Monseigneur, le prince Louis de Bourbon : Comme vous le savez je ne veux pas que mes enfants soient surexposés. Ma femme et moi donnons une place importante à leur éducation et à leur formation. Pour pouvoir être un adulte responsable il faut avoir eu, enfant, de bonnes bases. Nous voulons aussi qu’ils aient une éducation équilibrée d’enfants de leur âge. Ils pratiquent des sports car c’est une bonne école de responsabilité et de solidarité. Chaque fois que je rentre d’une cérémonie je leur explique pourquoi j’y suis allé. Mais tout cela doit se faire en tenant compte de leur âge, de leur développement. Ce sont encore des enfants.
Vexilla Galliae : Monseigneur, vous êtes l’Aîné des Capétiens, le Chef de la Maison de Bourbon et dès lors, le légitime successeur de vos ancêtres les rois de France au Trône de France. Votre parole porte forcément en elle la charge historique de votre héritage. Quel message souhaiteriez-vous adresser personnellement aux Français en cette tumultueuse période où l’avenir de la France se joue ?

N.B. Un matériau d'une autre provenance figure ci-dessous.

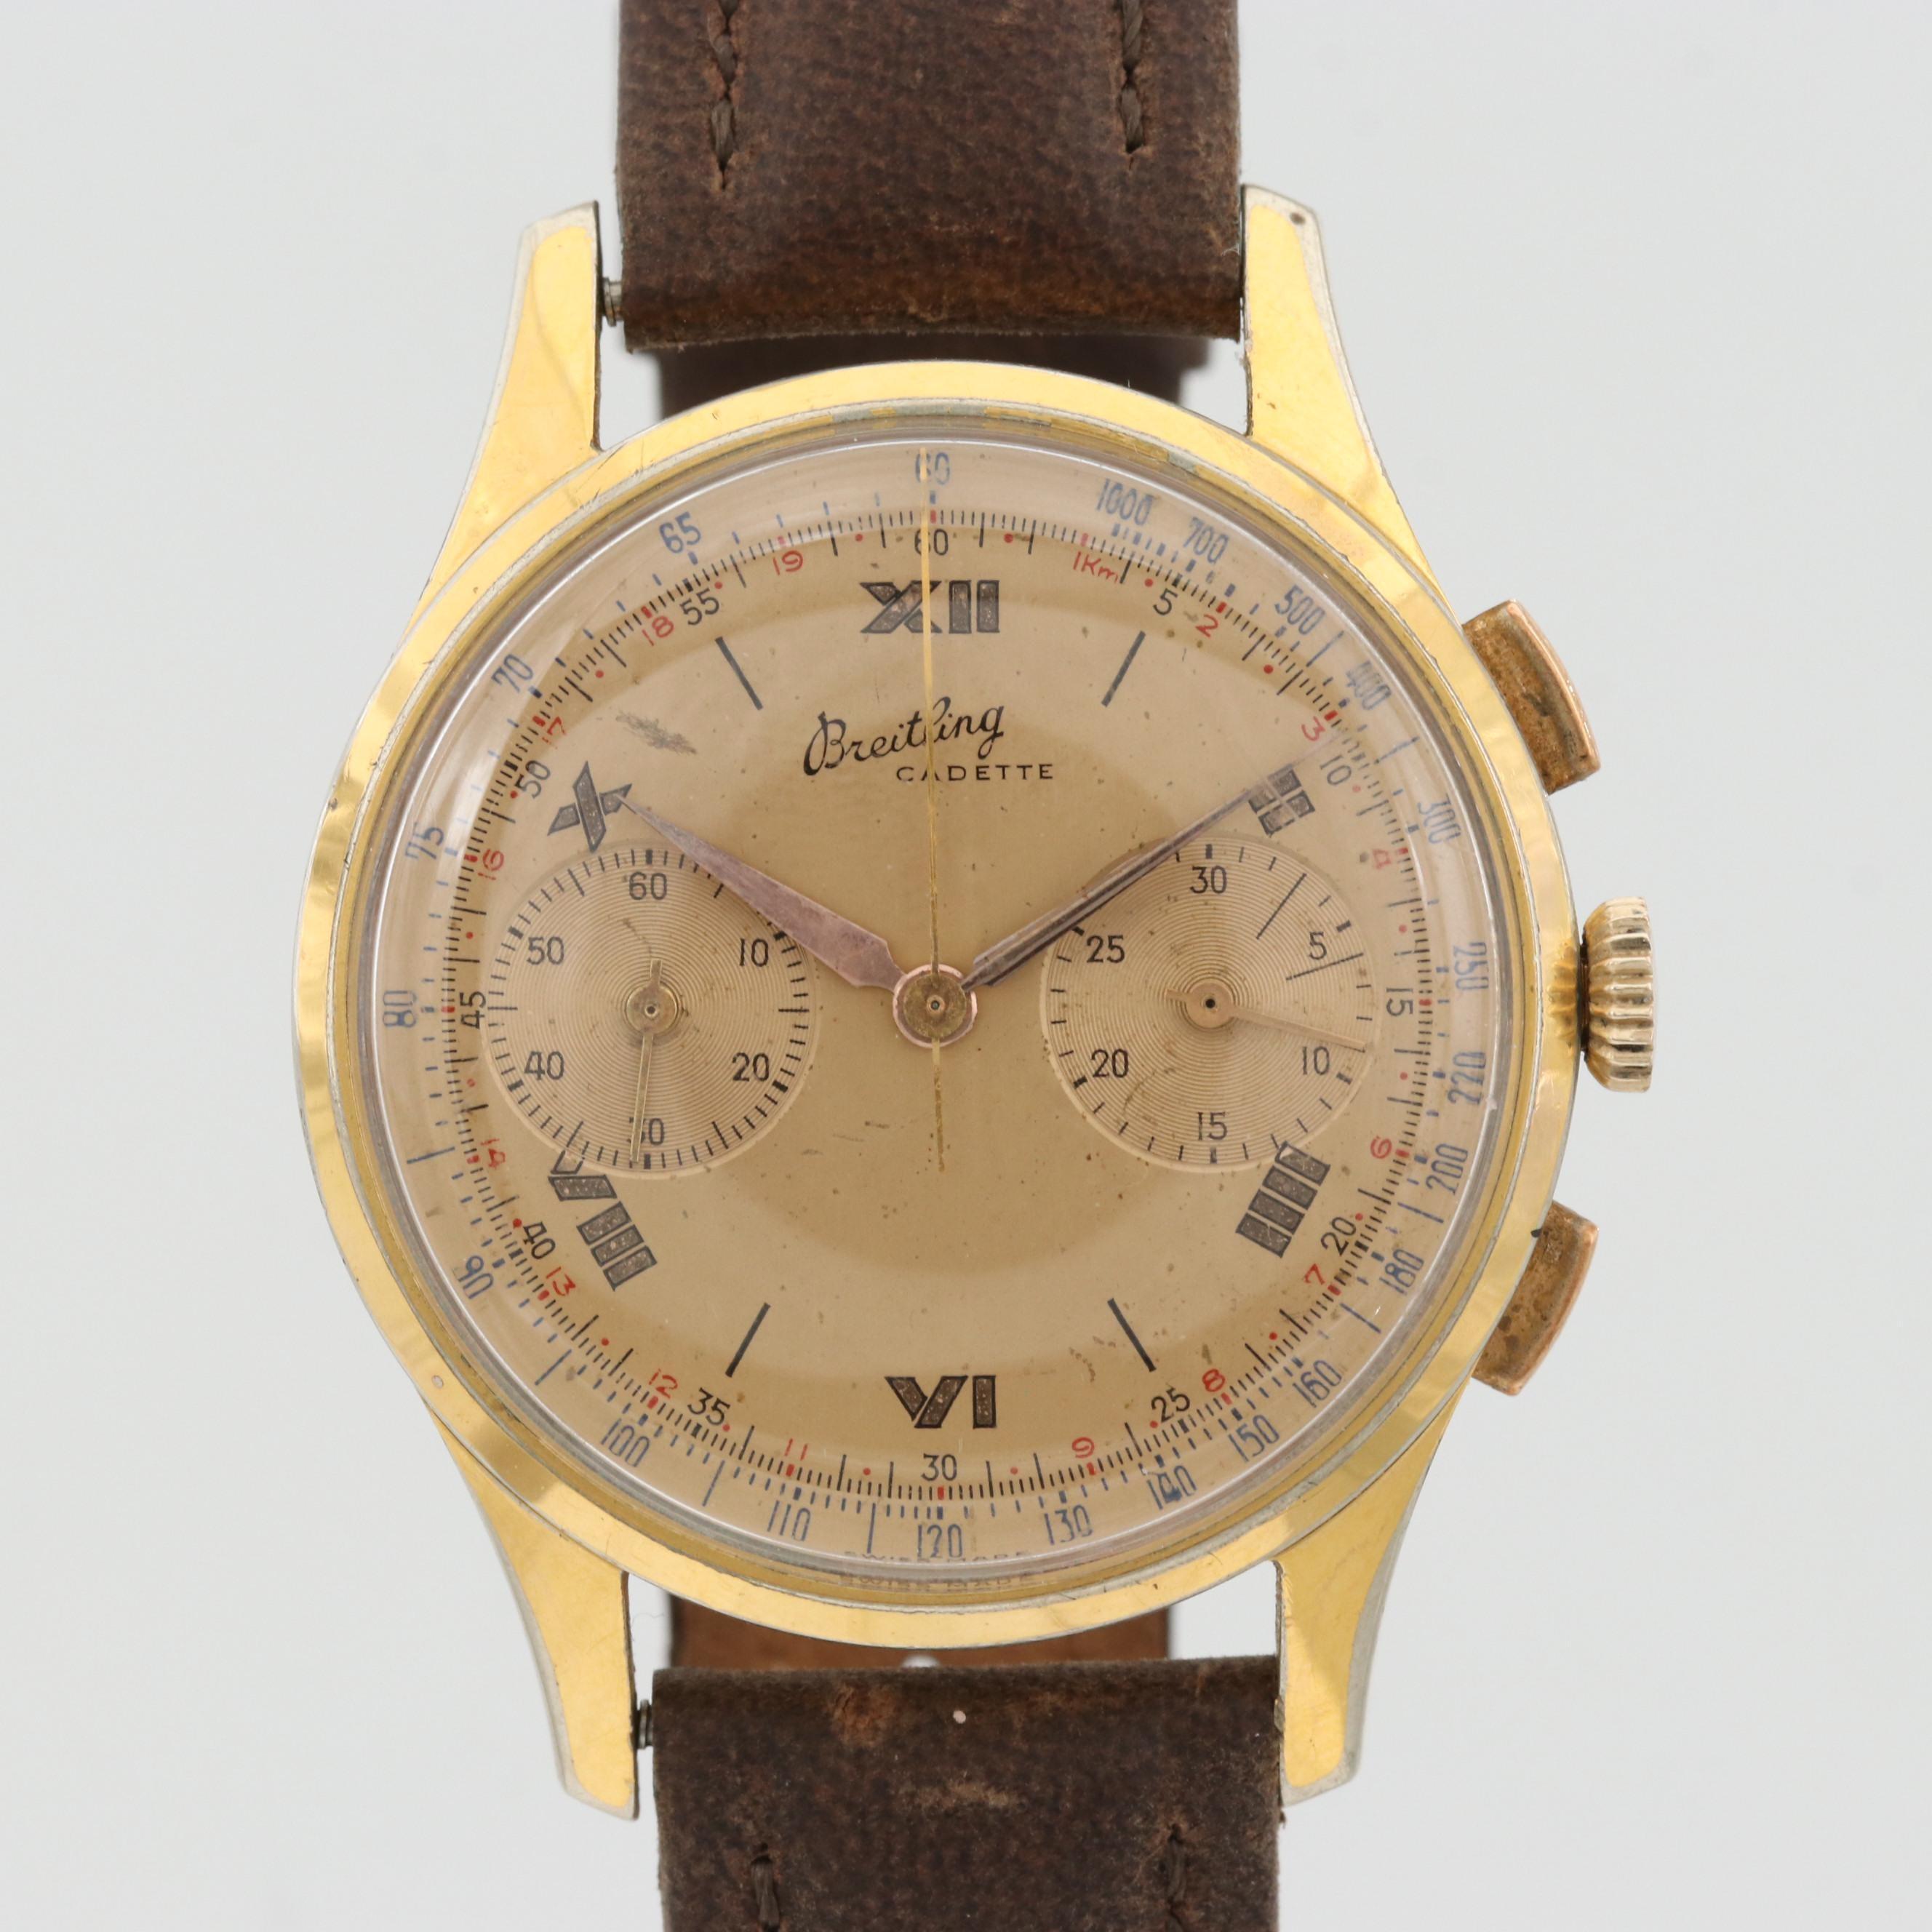 Vintage Breitling Cadette Gold Tone Stem Wind Chronograph Wristwatch, Circa 1950

Monseigneur, le prince Louis de Bourbon : Déjà depuis un certain temps la France est confrontée à une crise notamment morale. La période électorale accentue sans doute une prise de conscience en particulier sur l’avenir mais le phénomène est plus profond et vient de plus loin. Que veut faire la France de son futur ? Telle est bien la question qui se pose. La France veut-elle renouer avec son histoire prestigieuse qui en a fait durant des siècles et des siècles le miroir et le modèle des nations? La France s’est construite sur des principes hérités à la fois de l’antiquité gréco-romaine et du christianisme. Ainsi elle a su faire la part des choses entre le collectif et l’individuel, entre le commun et le privé et par-dessus tout entre le matériel et le spirituel. Ce dernier lui a toujours permis de s’élever et de donner un sens à la mission civilisatrice qu’elle a portée sur les cinq continents. Actuellement le monde est malade de vision trop matérielle. Il faut savoir retrouver la part du gratuit sans laquelle rien de grand ne s’écrit. La France doit le retrouver pour elle-même d’abord et, ensuite, pour le montrer en exemple aux autres peuples. Nous en revenons toujours à la même interrogation rappelée il y a 20 ans par Saint Jean-Paul II à propos du baptême de Clovis, la France est-elle encore capable de vivre selon les principes qui ont façonné son histoire et ont fait d’elle une grande nation.
Merci, Monseigneur, de nous avoir accordé ces quelques minutes d’entretien.
Nous remercions également le Secrétariat du duc d’Anjou.
NdCR. Ajoutons à nos "principes hérités à la fois de l’antiquité gréco-romaine et du christianisme", nos principes hérités decette si riche culture et cette civilisation gauloise, de mieux en mieux connue, dont la monarchie française n'a fait que recueillir l'héritage, auVe siècle ap.J.-C. . La place de la femme dans la société, l'hospitalité, l'équité, le sens de la justice, l'altruïsme, une religion commune propre et spécifique, un clergé distinct du reste de la société, fonctionnarisé et pris en charge par la collectivité, et déjà la distinction des pouvoirs temporel du roi et spirituel du clergé qui n'existait pas dans le monde gallo-romain où l'empereur était le "Souverain pontife", sont autant de principes que nous ont légués nos ancêtres les Gaulois.